The backup failed because the drive was full yet the update proceeded to kill the installation without doing any sanity checks.
This post was more of a warning to others and should probably be a bug report but I didn't want to file one without posting here first in case it was a known issue.
-
Also just pointing out the only reason I gave the vm any additional space was to store the squid cache. As a newbie, that seems like a reasonable thing to do.
-
Submitted a bug report. https://redmine.pfsense.org/issues/4549
-
Yeah - A full HD is quite a bug.
Next time back up the configuration and save it on a desktop somewhere (not the backup while upgrading button)
Then make a new vm, install a fresh pfsense and restore the config.
-
Filling up the hard drive during a backup isn't the bug. The bug is trying to extract the update while the drive is full and wiping out the kernel leaving the machine unable to boot. The drive had 40% free space when I started the upgrade.
I've never seen another OS start an upgrade without verifying capacity. Windows, Ubuntu, android, ios, macos all do sanity checks. It's not asking that much. I'm even willing to work on the bug myself and submit a patch.
Dismissing this out of hand doesn't help. Remember,I used the UI to kick off the upgrade and chose what appeared to be the conservative path by creating a backup first. This left the machine in an unusable state. That is completely unacceptable.
-
If you have alot of access to the VM, do always make a backup of the config on your desktop somewhere so that if you hit a snag you are not buggered.
-
Yeah, I'll definitely be checkpointing in the future. I've looked through the code and found a couple of things:
-
Doing an upgrade on a nano install does check to see that the image is not larger than the partition (but does not check free space) around line 208. https://github.com/pfsense/pfsense/blob/RELENG_2_2/etc/rc.firmware
-
The pre-upgrade command does not check for free space and the last thing it does is remove all kernels on line 50. https://github.com/pfsense/pfsense/blob/RELENG_2_2/tmp/pre_upgrade_command
So what happens is the backup fills the drive, all kernels are deleted then the updated archive is extracted.
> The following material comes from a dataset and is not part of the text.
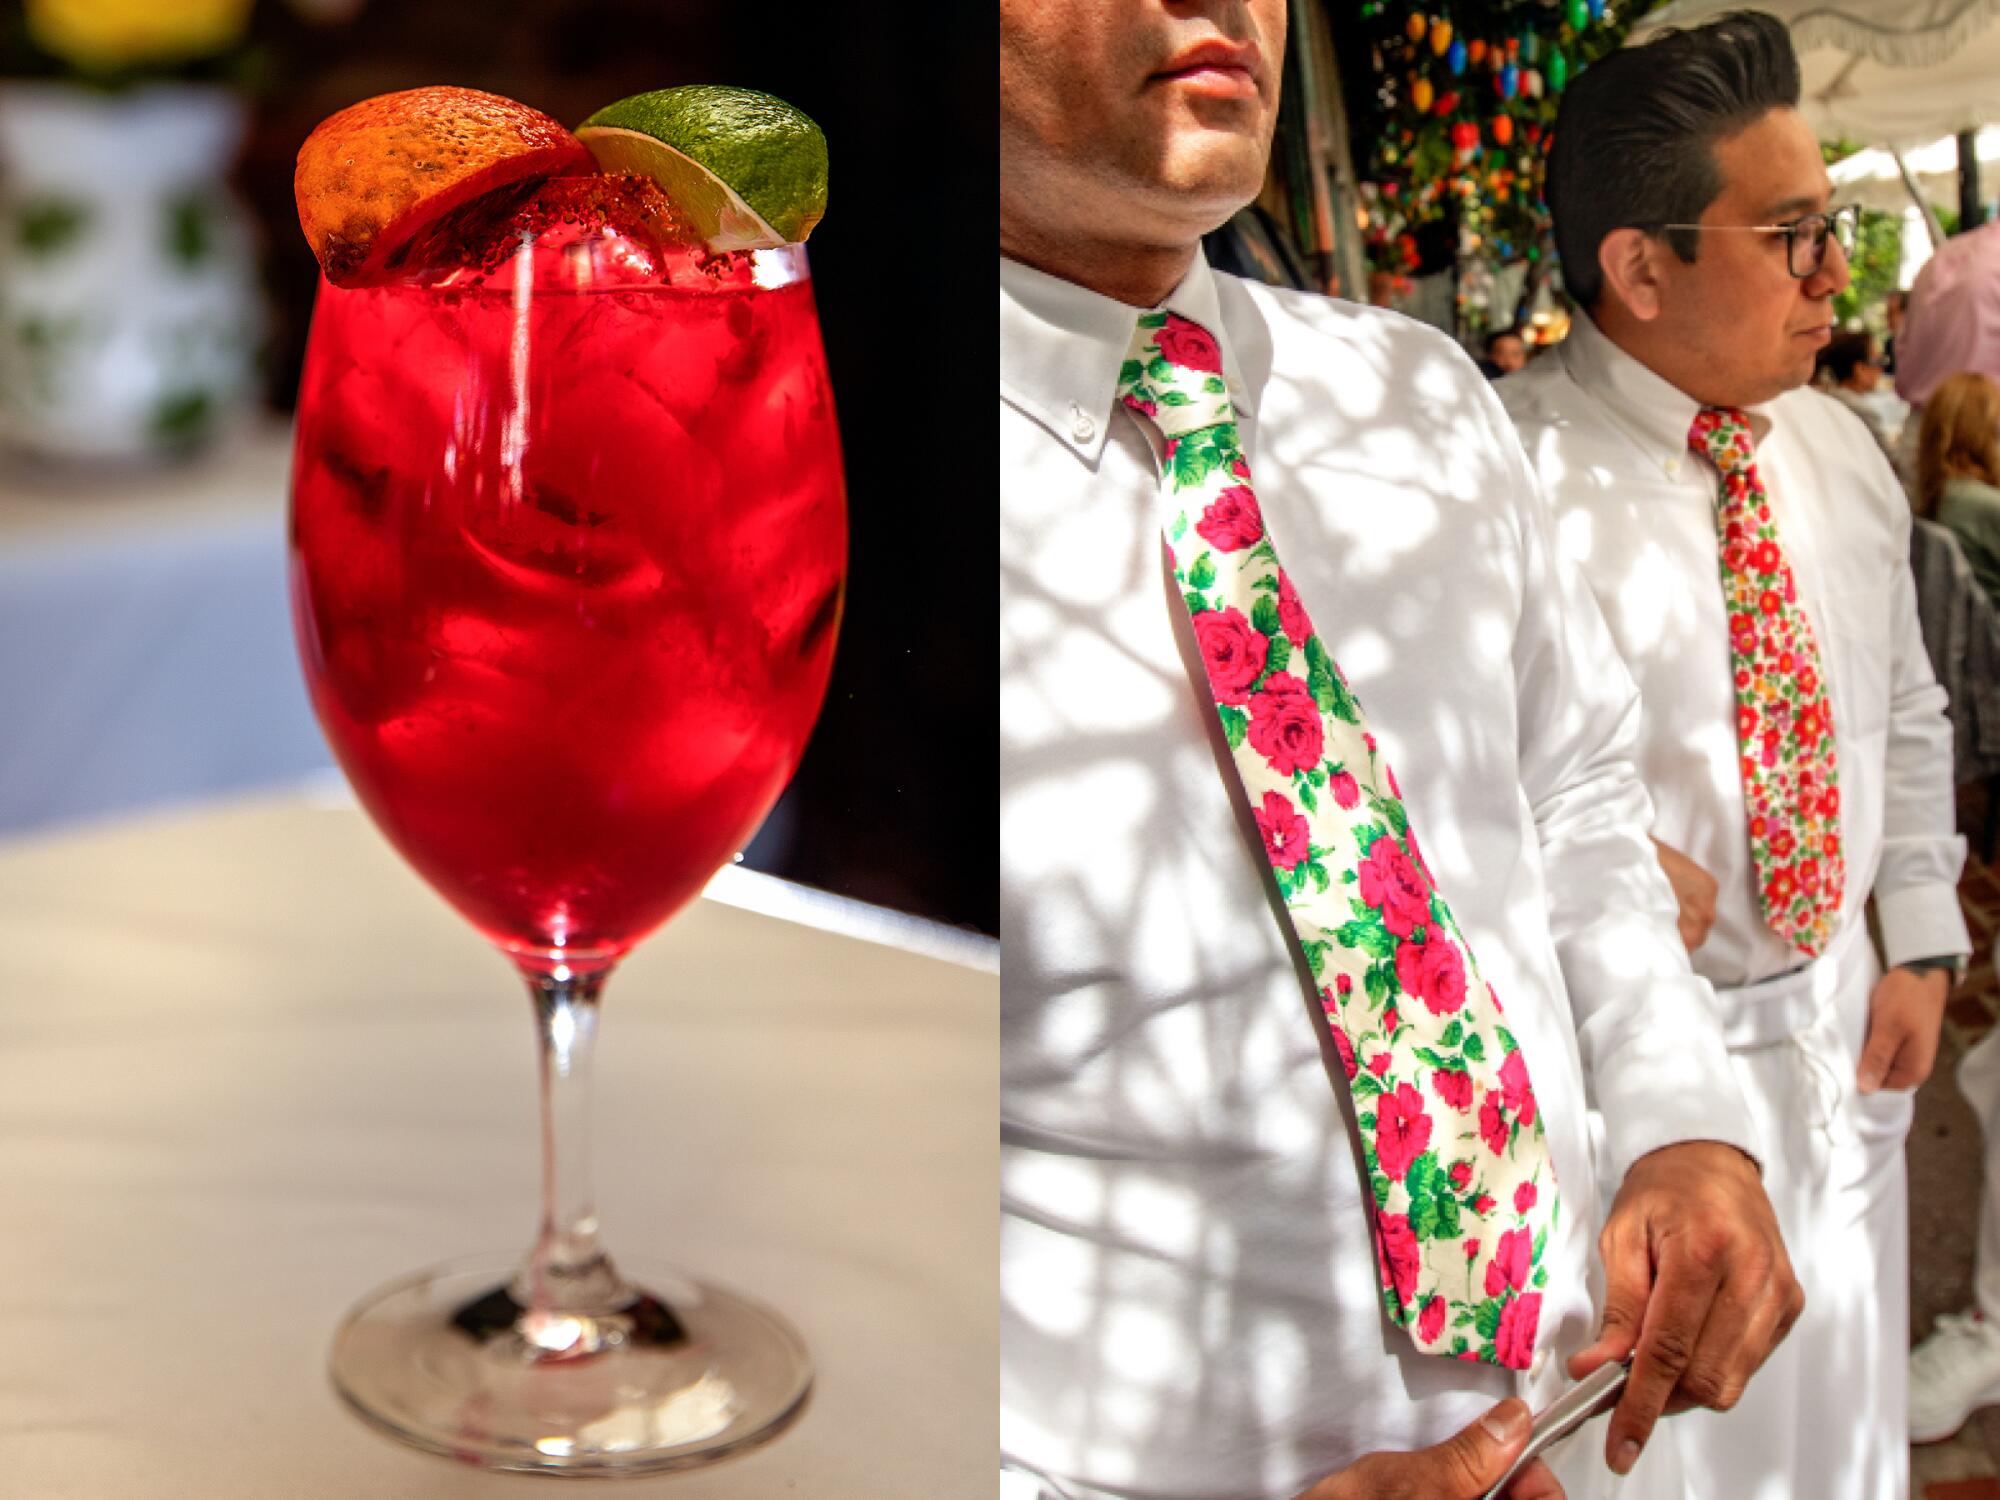 A blood orange margarita, left, and the wait staff's colorful floral neckties, right.

This eventually fills the space that was freed by removing the original kernels before the new kernel can be extracted.
Fixing this is complicated by the fact that nano installs may not have free space to extract the entire archive, they rely on overwriting files, so checking for free space to fit the entire archive may mean upgrades are blocked when they could possibly complete.
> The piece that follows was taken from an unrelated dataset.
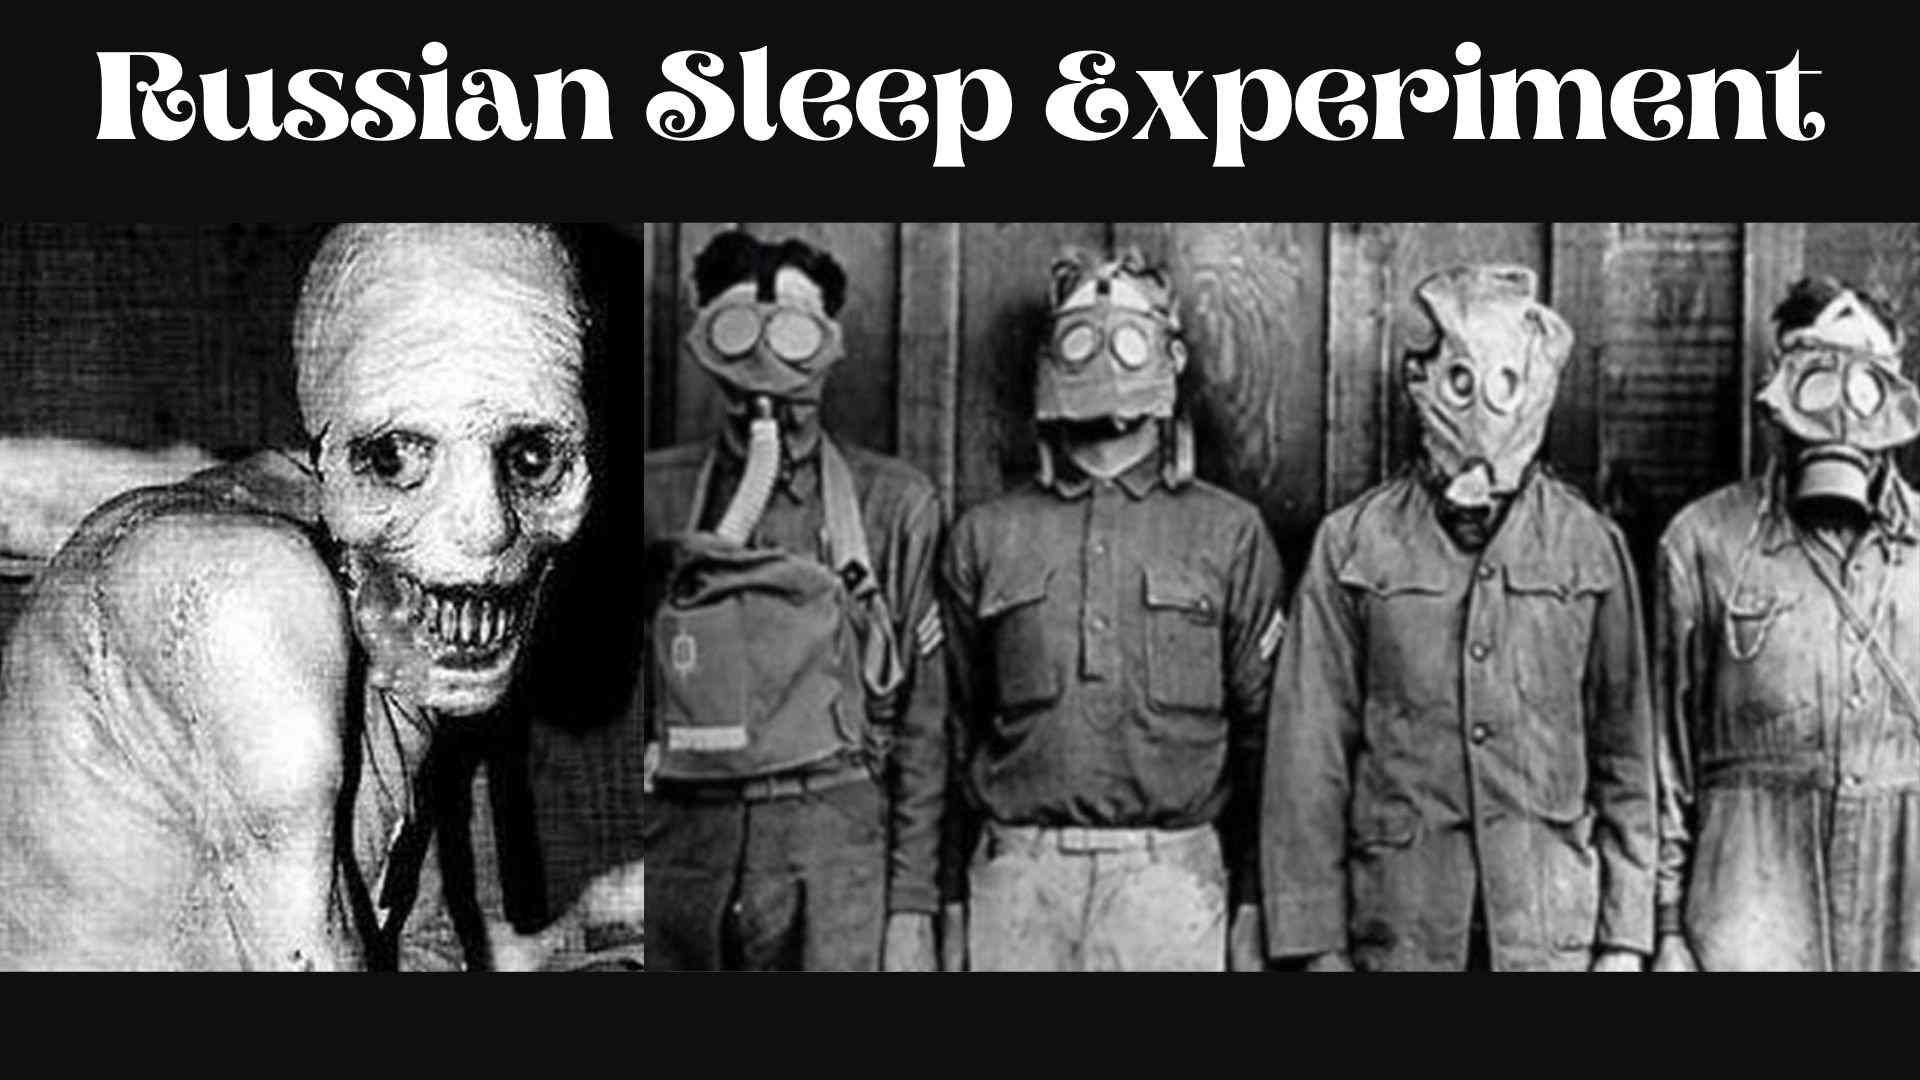 Russian Sleep Experiment Film wallpaper and images

I think the easiest way to work around this may be to modify pre_upgrade_command to extract the new kernel into /tmp, verify it is good, then remove old kernels and mv the new /tmp/kernel to /boot/kernel/. Then if you run out of space extracting the upgrade, you may have mismatched files but you will at least have a kernel file that can boot so you can manually free space and re-extract the archive.
Thoughts?
-
-
Verifying free space on nanobsd would be utterly pointless. The entire slice is overwritten.